WHAT THE EXERCISE ASKS: Could you transcribe every entry below exactly, leaving out the pictures?

Collection entries:
══════════

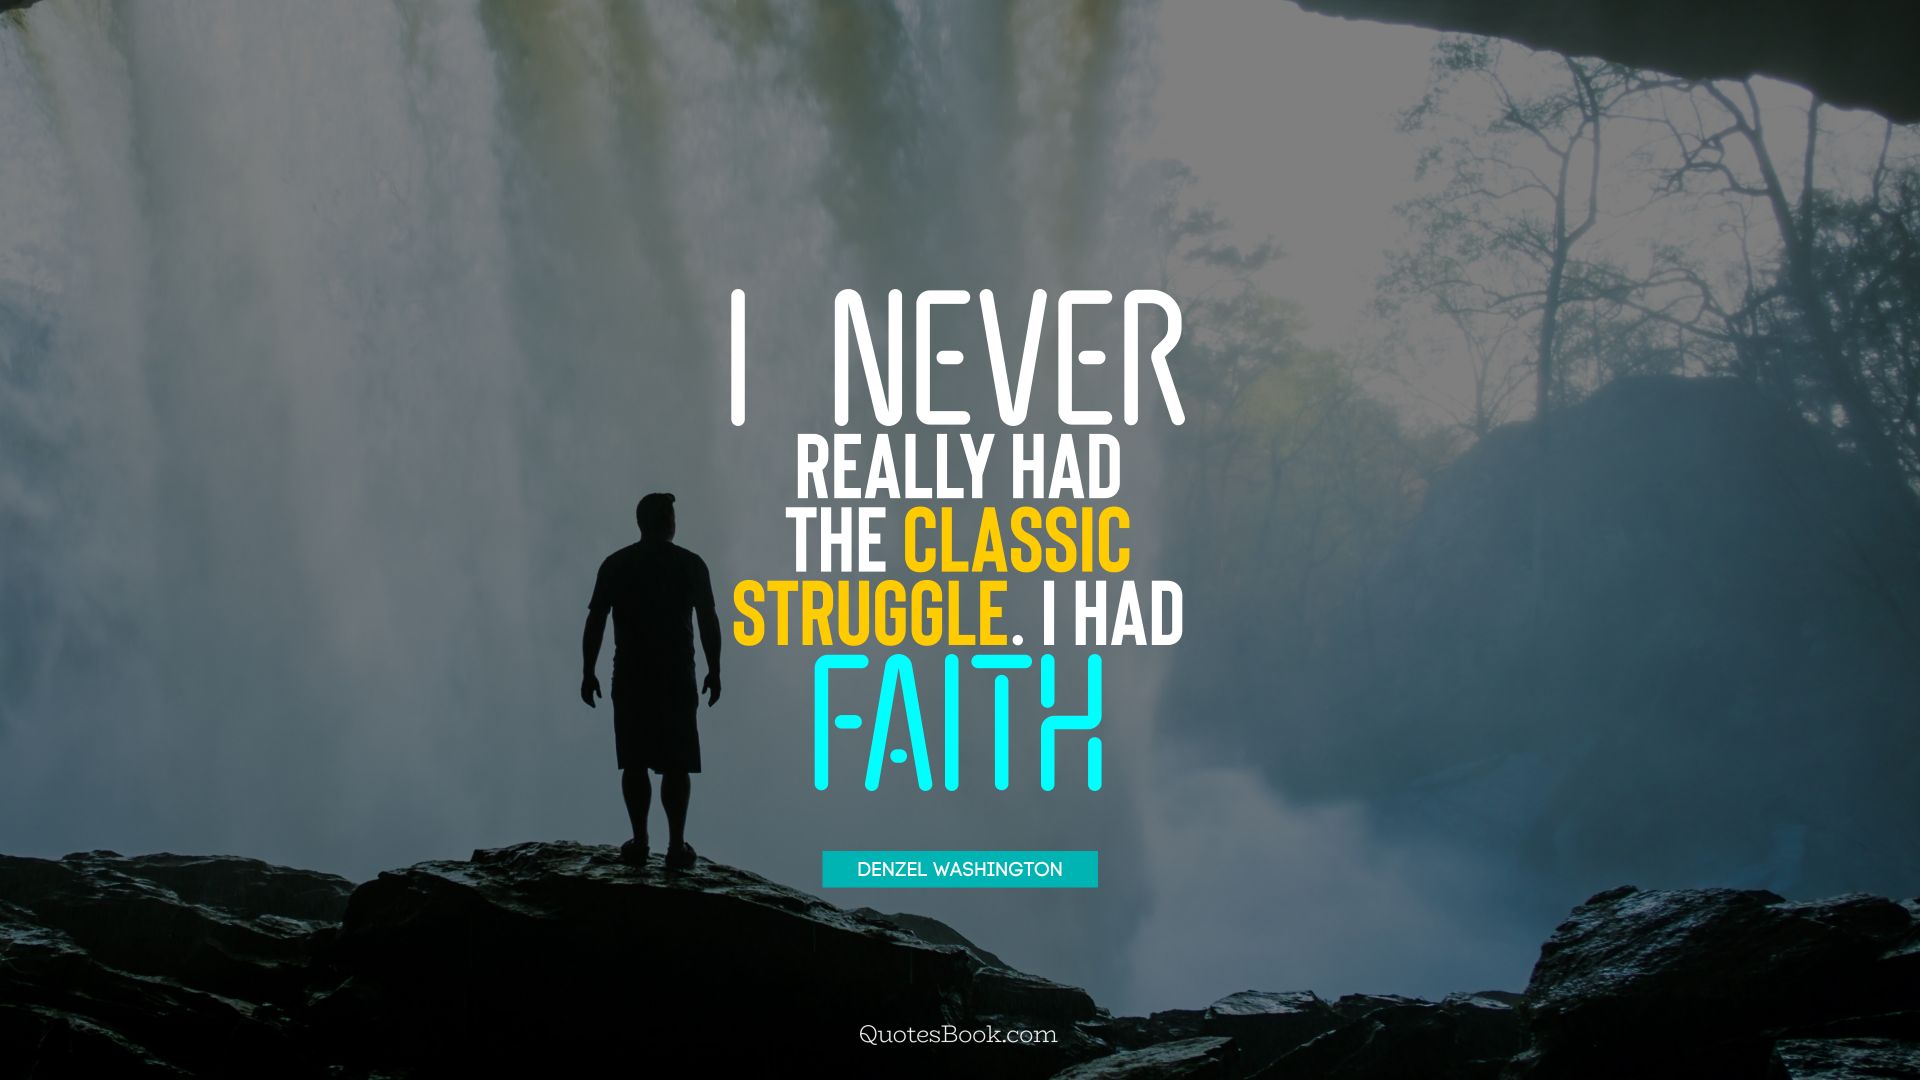 I never really had the classic struggle. I had faith. - Quote by Denzel Washington
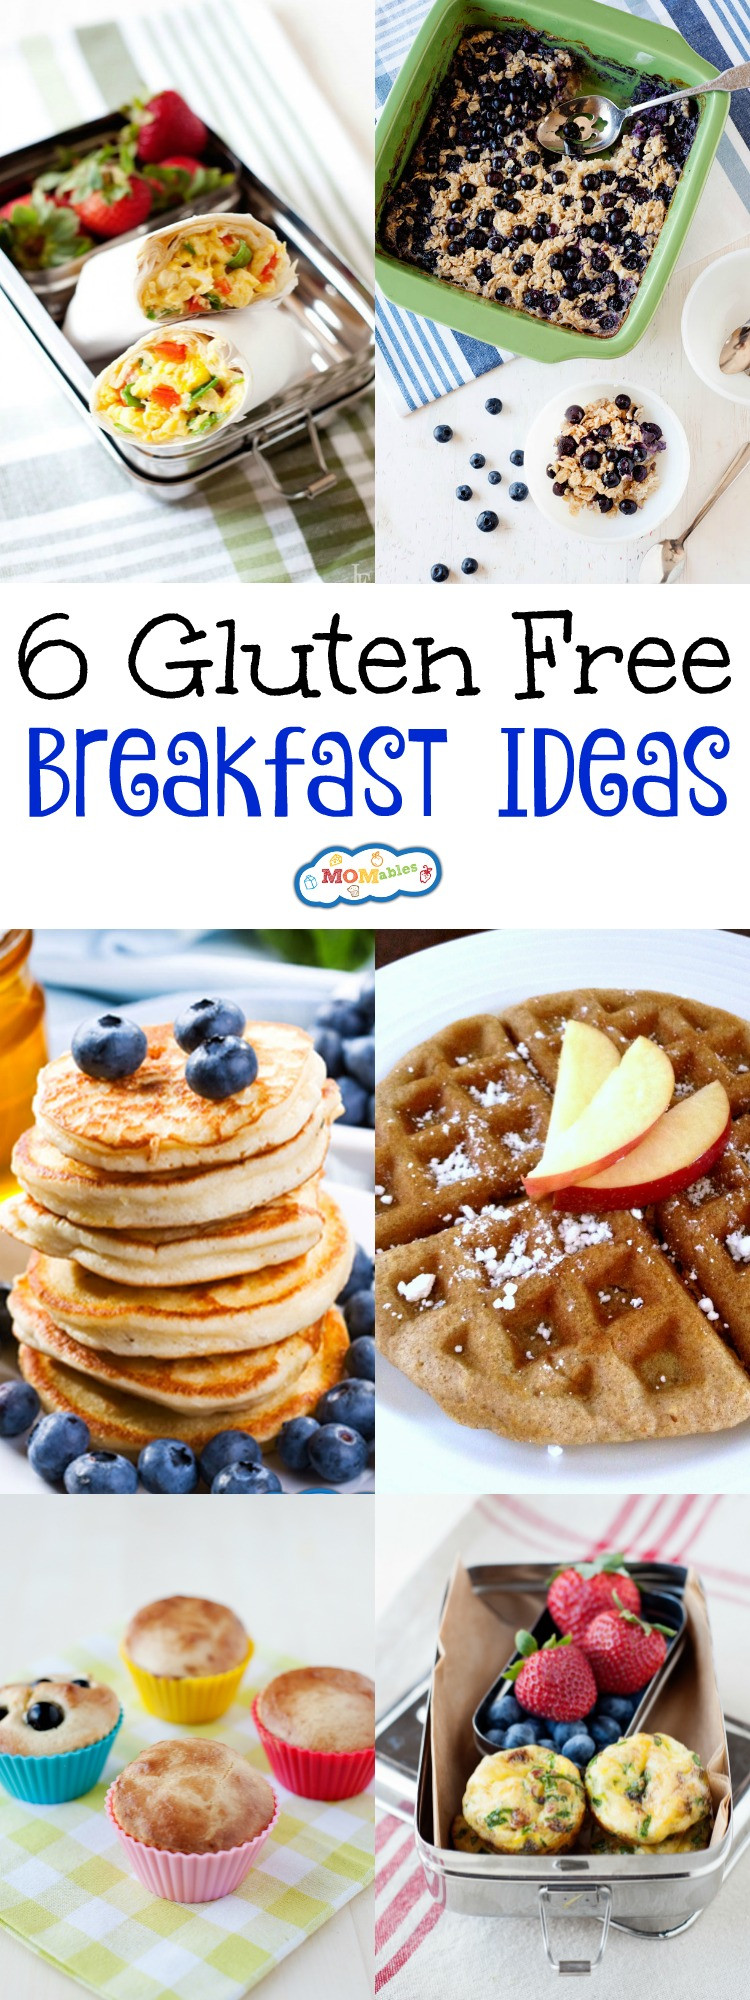 Gluten Free Dairy Free Breakfast Recipes
 6 Gluten Free Breakfast Ideas MOMables
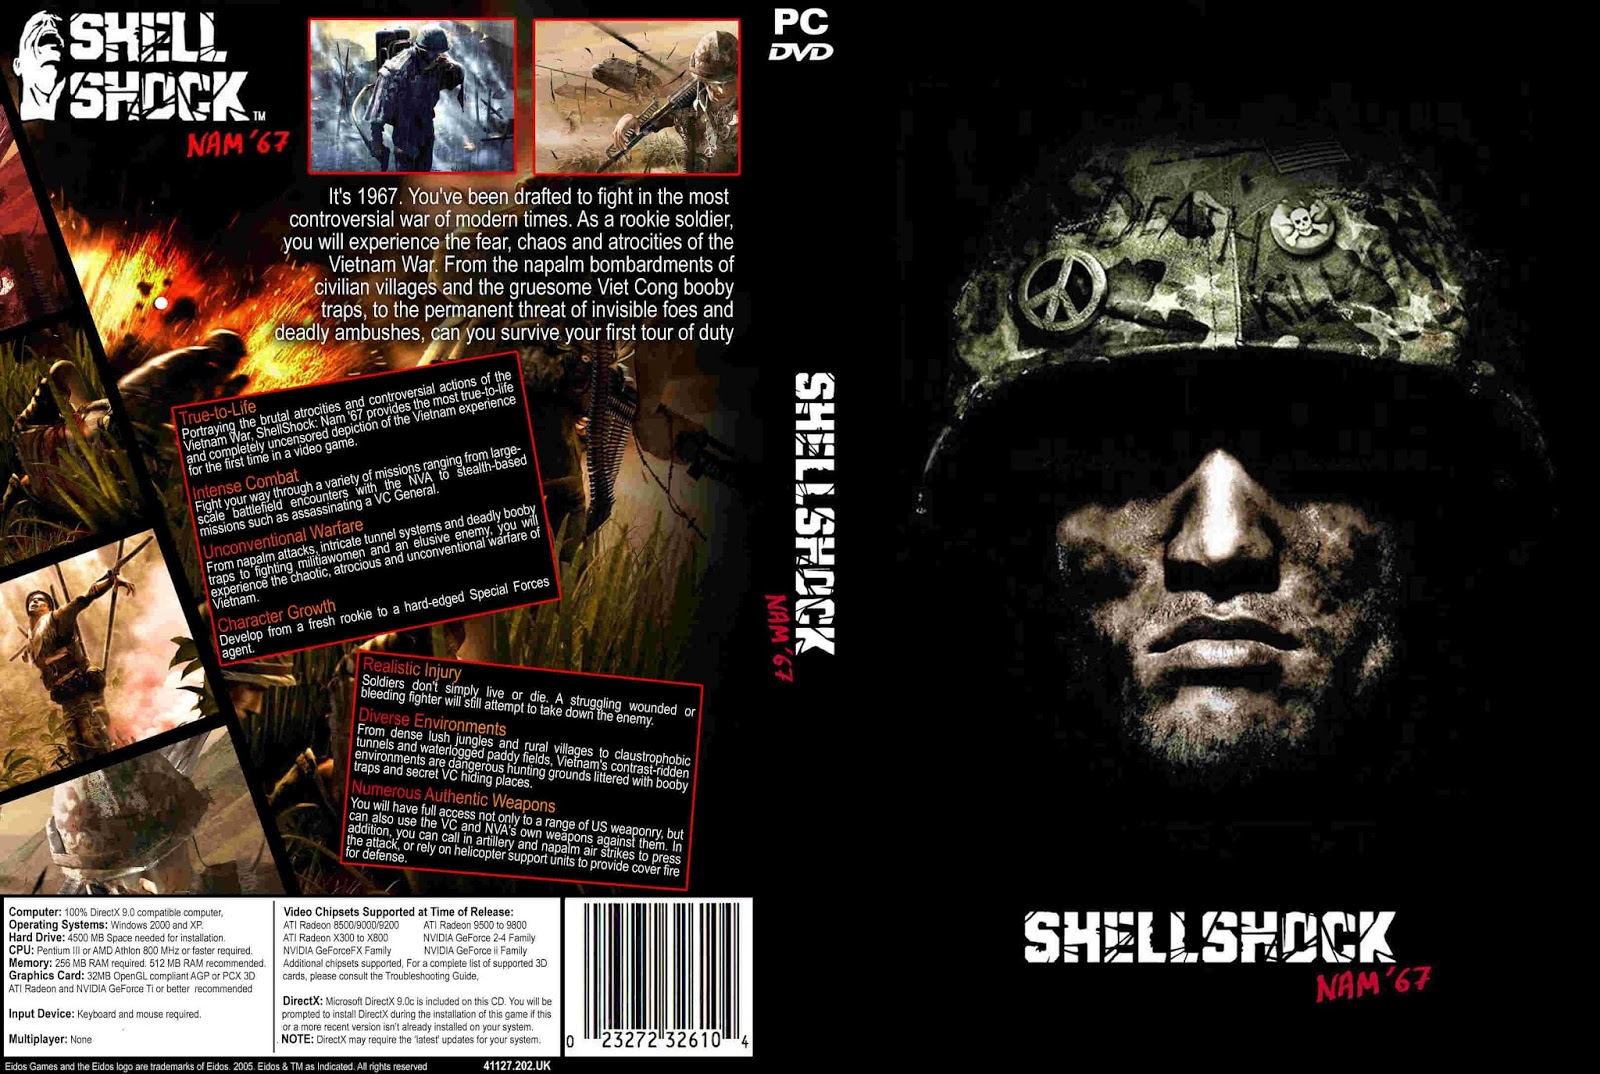 Downloads Titans: Shellshock Nam '67 PS2 ISO NTSC TORRENT
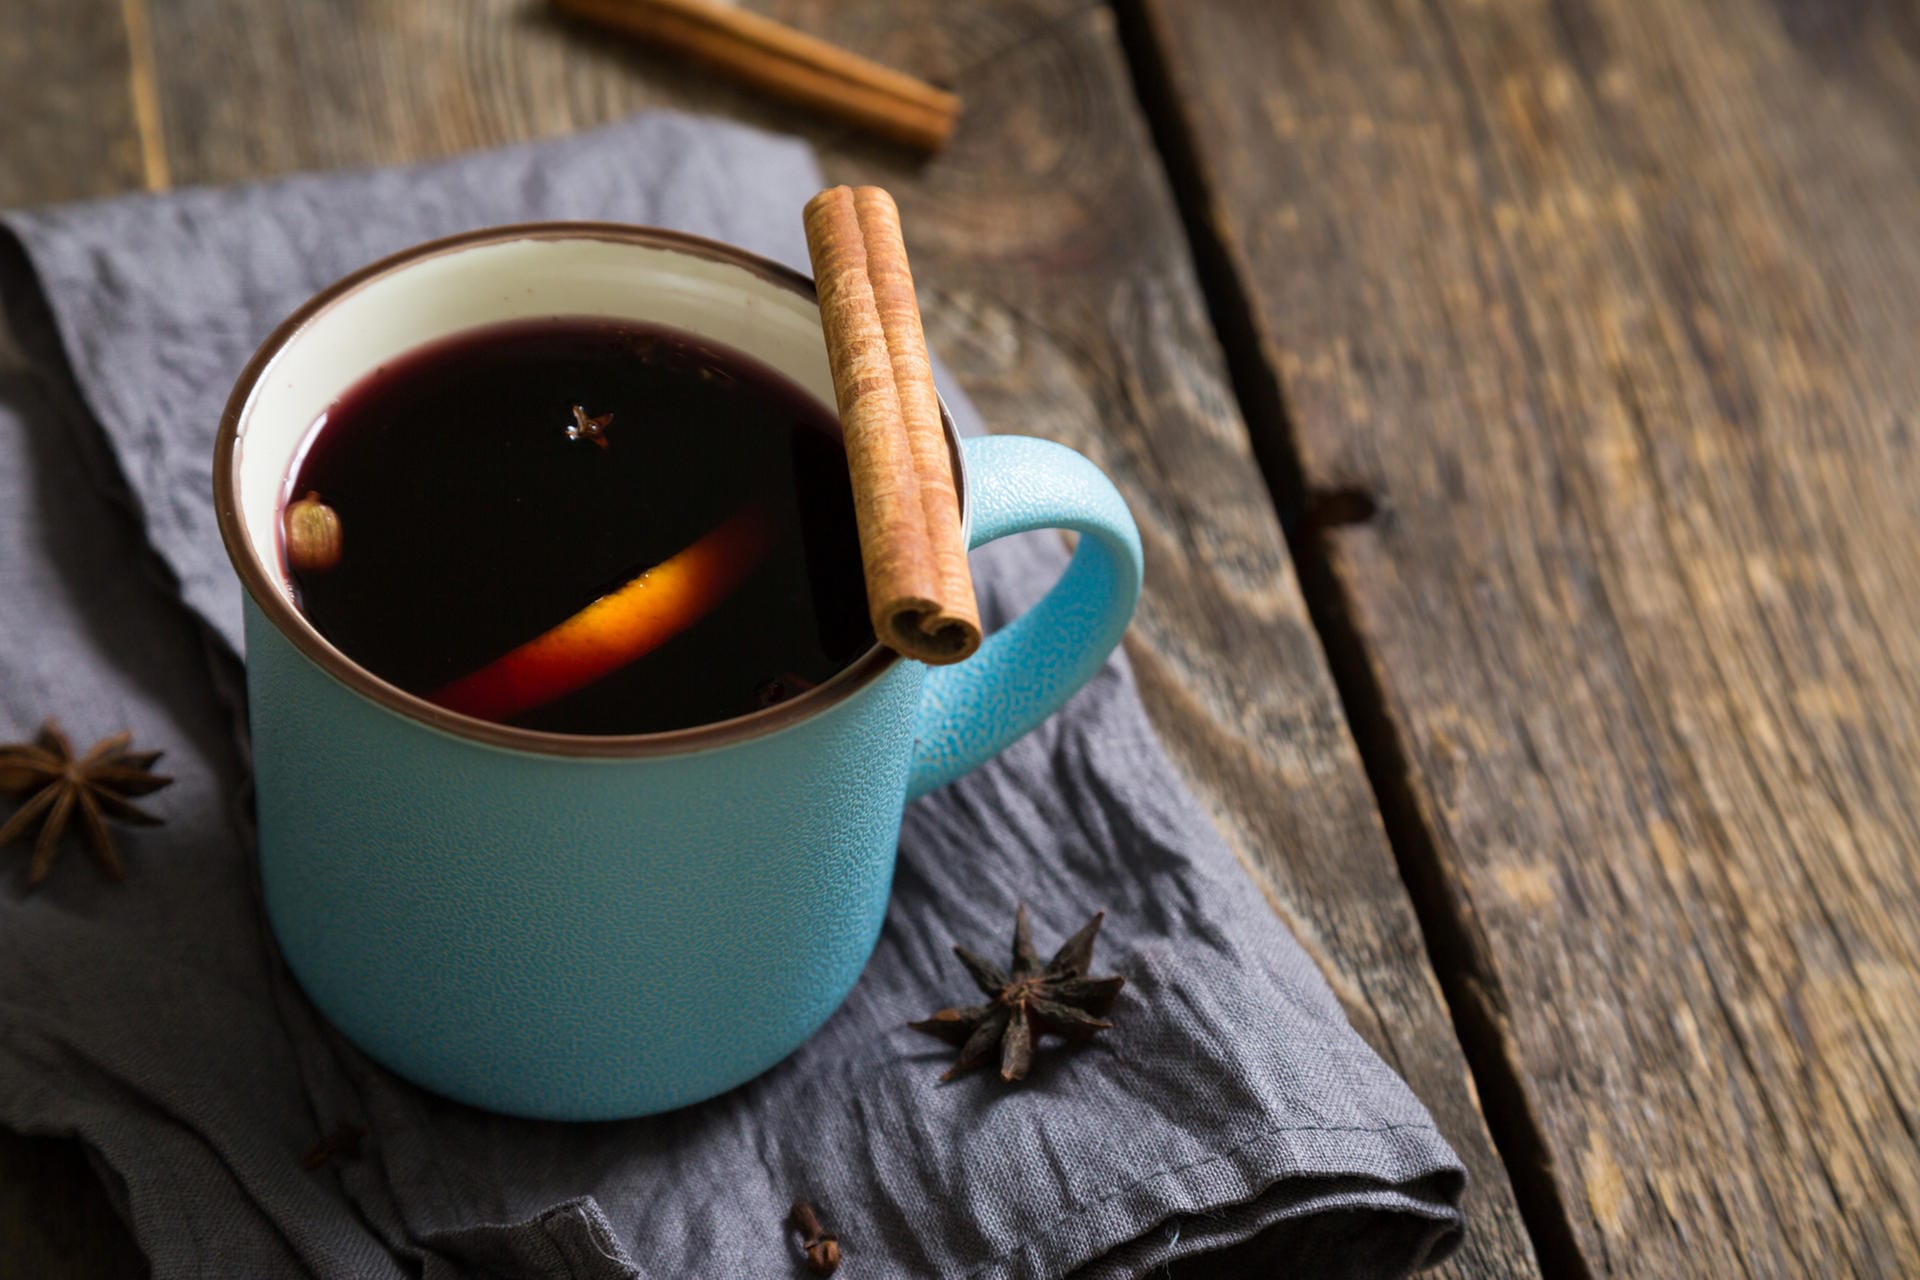 Im Kaffee Brulot wärmt nicht nur der heiße Kaffee, sondern gewürzter Branntwein. Gewürze und Zesten von Orange und Zitrone sorgen für winterliche stimmung.

══════════

EXERCISE ANSWER:
 I never really had the classic struggle. I had faith. - Quote by Denzel Washington
 Gluten Free Dairy Free Breakfast Recipes
 6 Gluten Free Breakfast Ideas MOMables
 Downloads Titans: Shellshock Nam '67 PS2 ISO NTSC TORRENT
 Im Kaffee Brulot wärmt nicht nur der heiße Kaffee, sondern gewürzter Branntwein. Gewürze und Zesten von Orange und Zitrone sorgen für winterliche stimmung.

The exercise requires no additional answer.